1967 Revisited; Widmark Dies
Burbank, California—Three recent movie-themed books are either instructive or indispensable. Leonard Maltin's annual Movie Guide contains a wealth of data from an independent-minded source who not only loves movies—he loves to know about movies, a claim few can credibly make.

Inside Inside by James Lipton, creator, executive producer, writer and host of Inside the Actors Studio, an excellent program on Bravo, recounts several movie moments culled from his impeccably researched interviews. One with Steven Spielberg explains why he tends to use a short lens—he likes master shots—and how he told young Henry Thomas he would never see E.T. (the extra-terrestrial) again during his chronologically, continuously shot 1982 smash, E.T..

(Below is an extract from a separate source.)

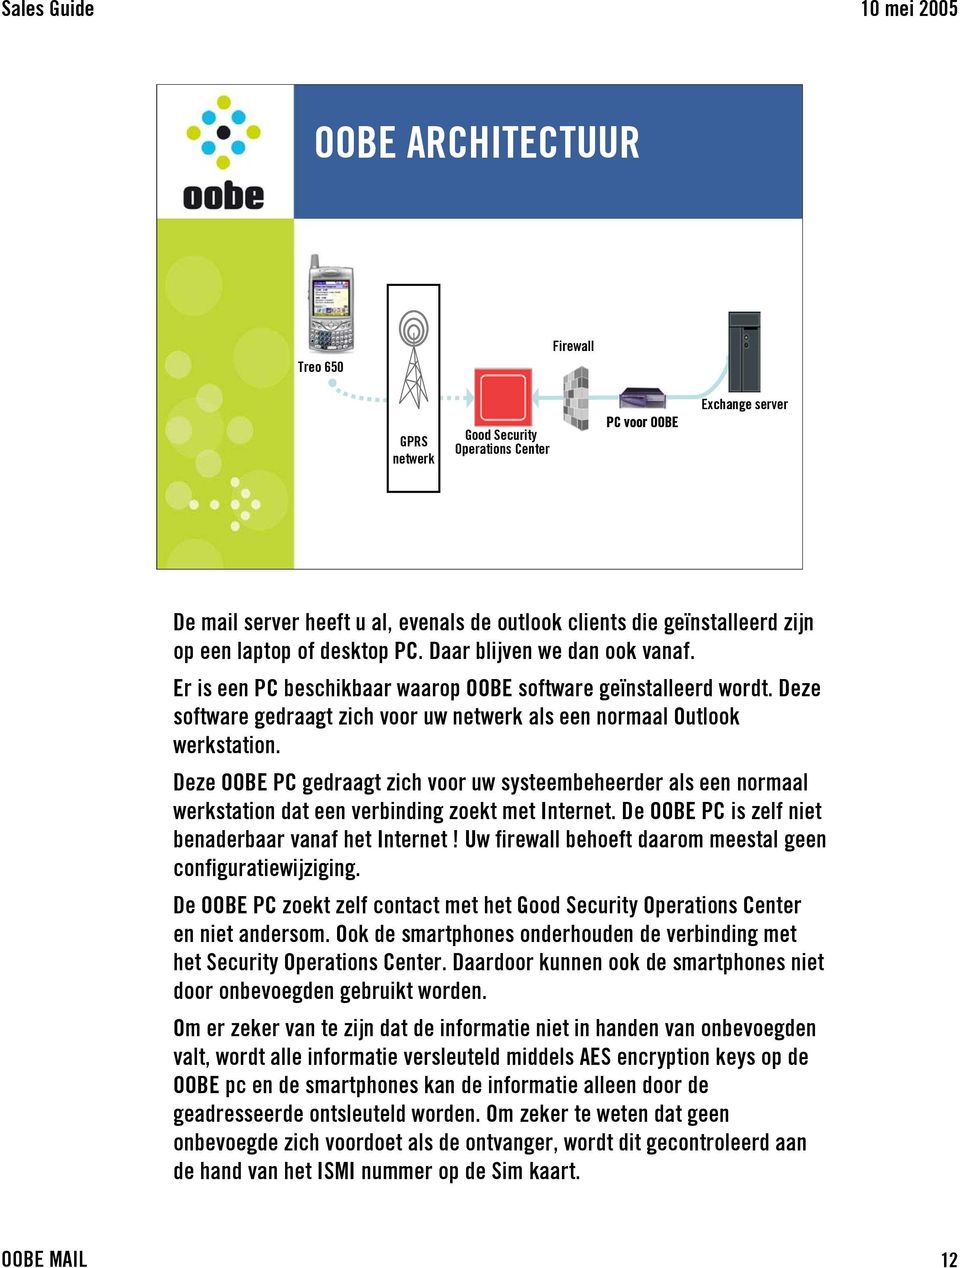 Deze OOBE PC gedraagt zich voor uw systeembeheerder als een normaal werkstation dat een verbinding zoekt met Internet. De OOBE PC is zelf niet benaderbaar vanaf het Internet!

A glaring error by publisher Dutton: the decision not to include an index. Whether Lipton's reminiscing about producing President Carter's inauguration or Bob Hope's 75th birthday for television, Inside Inside is full of facts that should have been sorted.

Pictures at a Revolution by Mark Harris is a well-informed examination of Oscar's five Best Picture nominees for 1967—when classic Hollywood gave way to a new aesthetic—which were: The Graduate, Bonnie and Clyde (pictured on the jacket cover), Doctor Dolittle, Guess Who's Coming to Dinner, and, the winner, In the Heat of the Night.

One need not agree with what former Entertainment Weekly staffer Harris makes of these hugely influential movies to gain from his accounts of each picture, all released during some of our darkest days—the late Sixties—when everything American seemed held in contempt by prevailing intellectuals.

Harris taps those times—40 years after an electrifying black man captivated the country (before he was smeared by the New Left) in three artistically and financially successful movies (To Sir, With Love, Guess Who's Coming to Dinner and In the Heat of the Night). Harris traces Hollywood's new arrivals—Robert Benton, Mike Nichols, Warren Beatty—and he signals grand departures, such as Katharine Hepburn's, bowing gracefully while chiding feminism by explicitly embracing her role as an upper middle class wife, or Miss Hepburn's Oscar-nominated co-star, Beah Richards, shellshocked at the assassination of Martin Luther King, Jr. on the eve of the Academy Awards. Hollywood lost its brightest in the muck of modern movies. Harris, while toasting the demise and doing so with some distortion, catches that sense of loss.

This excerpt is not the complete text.